A buffer overflow is where a program requests a size of memory but then writes more data in that location (overflowing) to the memory next to it.
For example: A program like OpenOffice Writer (a word processor like MS-WORD) (this is pure fiction by the way) has a limit on how large a paragraph could be, let's say it's 65535 characters. A malicious hacker creates a document with a paragraph that is 65555 characters long. The program doesn't have a check in place to see how large a paragraph is - it just loads it into memory. On the 65536th character, instead of an actual character the hacker puts in the byte code for a jump instruction to somewhere later in the hacker's document or anywhere that the hacker knows and controls. When the program accidentally reads the jump instruction that malicious document now controls the processing flow of the application. It's a virus, and you have just been infected.

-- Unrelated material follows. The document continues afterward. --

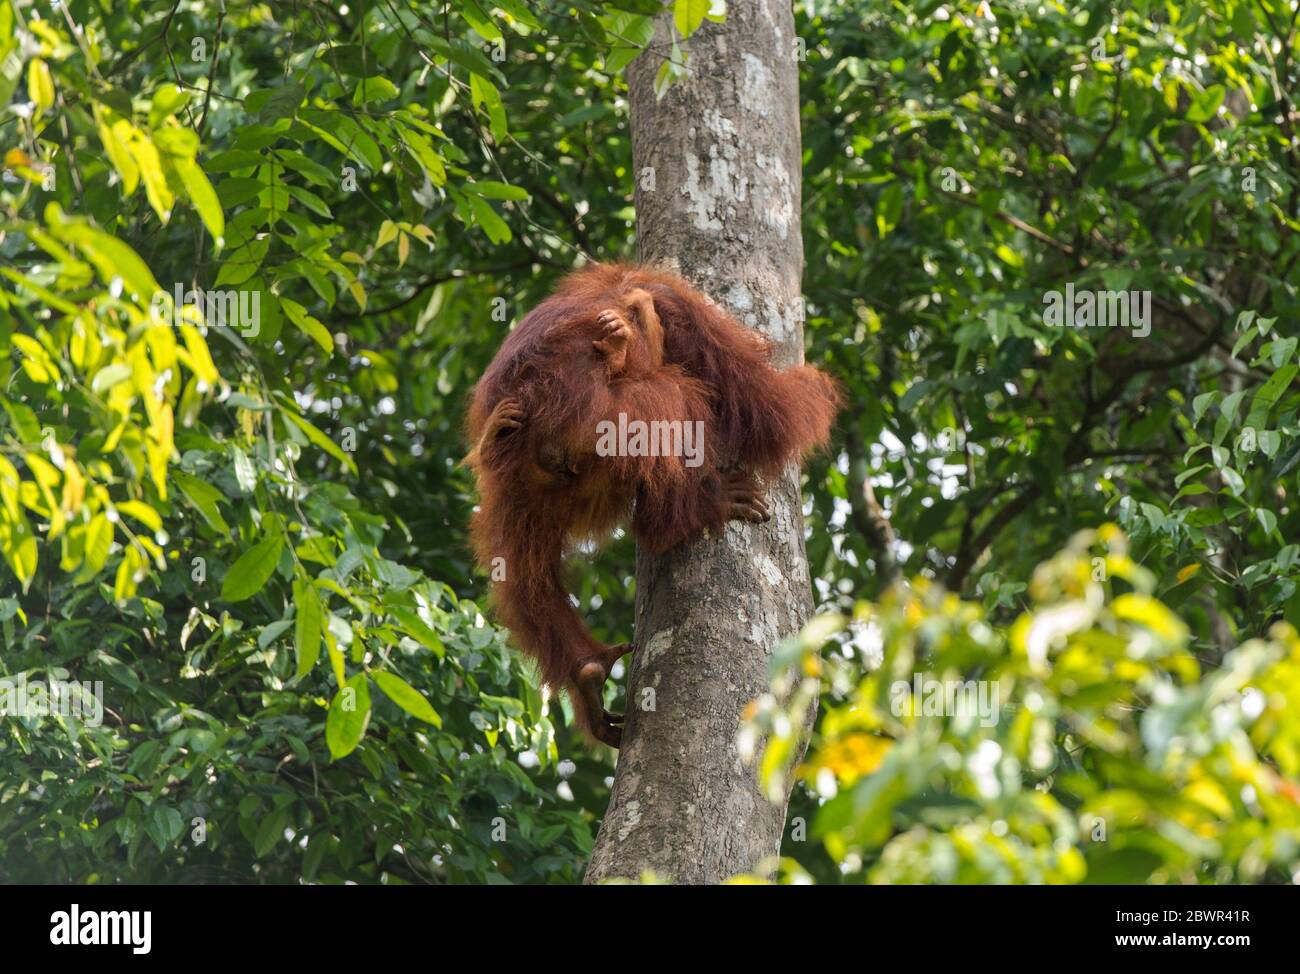 Orang-Utan madre con el bebé trepar un árbol, Centro de vida Silvestre, Reserva Natural de Semenggoh, Siburan, Sarawak. Foto de stock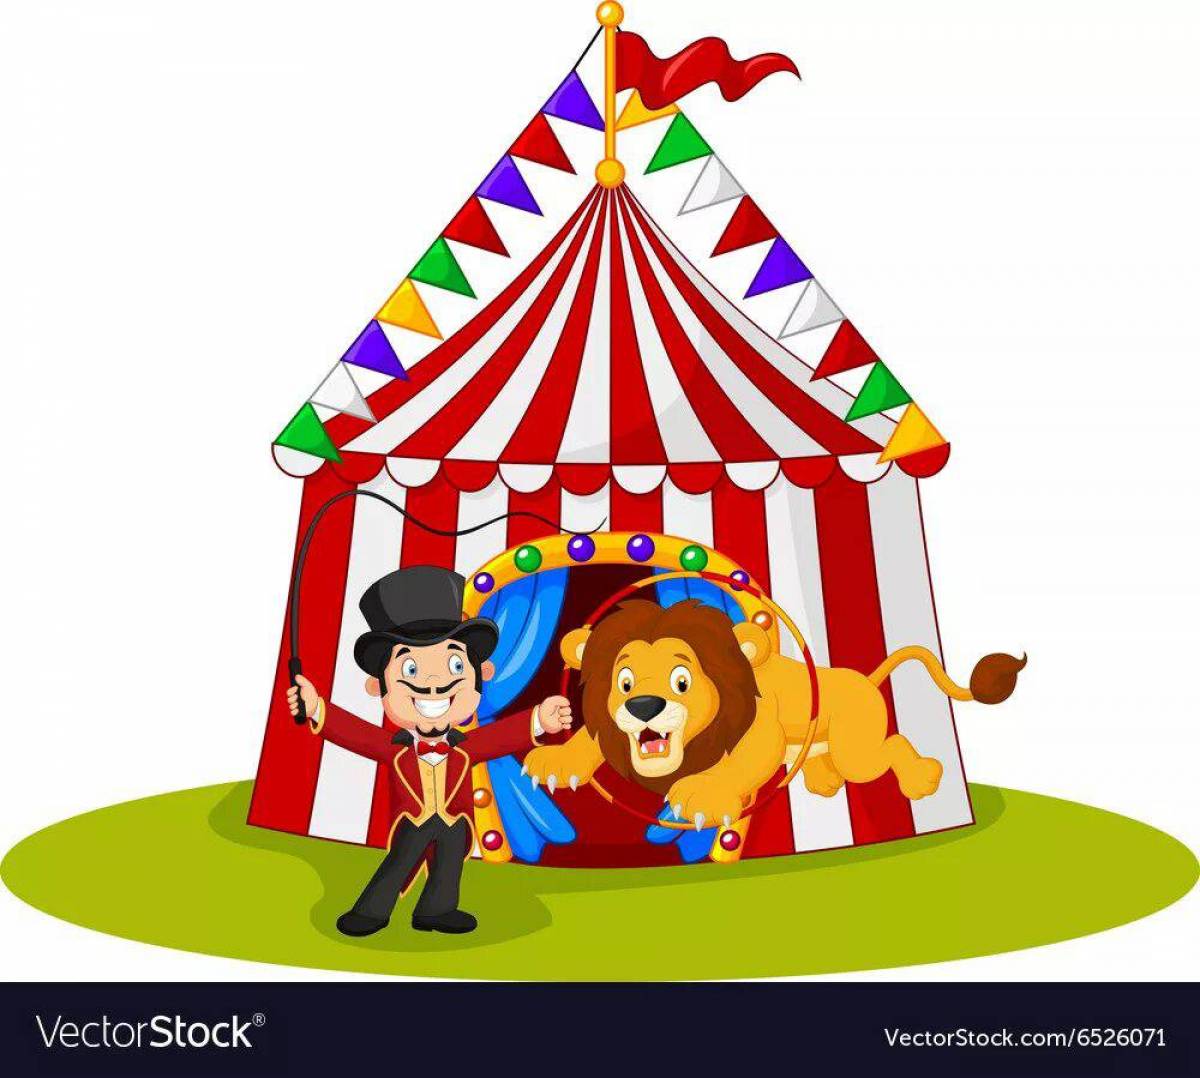 Цирк для детей #34

There are many different types of overflow-able components in a computer so watch out!
If this sounds similar to the Heartbleed exploit it's because it is.
Let's continue.
Microsoft's Office platform is extremely extensible. It allows you to add both compiled and interpreted code to the program and to documents. The interpreted code, the macro, has a lot of power for productivity purposes, but up until about a decade ago it was also used heavily for propagating malicious code. Not so much any more, but it still pops up. Often a malicious document would have a bit of code that would write a file to your hard drive and then execute it when you opened up the document. Of course most of these guys came packaged in a PowerPoint presentation containing photos of cute cats and the like so it wasn't a total loss when you got pwned.
A lot of larger software packages is generally extendible and can also suffer from similar exploits.
Oftentimes a hacker will create a file and present that file as an image or as plain text when it isn't. A website author's responsibility is to escape, encapsulate and sandbox any data that they may receive from the internet. It's a hard job.
So a hacker may put a file called "NotA.phpfile.jpg" into a PHP website's form which presents itself as a image/jpeg
file, but in reality it's a application/php
file. Now when you load the URL that the image was uploaded to, you may have attained control of the website.
Similarly, the website must escape text or it could suffer from SQL injection and data can be stolen.
Let's look at some technology:
The short OP is asking why clicking on a .txt runs a virus. If a virus changes the associated program for an extension, then your computer can start mad_notepad_that_also_runs_a_virus.exe instead of notepad.exe when clicking on a .txt file.
But clicking on i_love_you.txt.extension_like_that_will_obviously_make_this_computer_explode.exe, even if a very naive behaviour, may happen.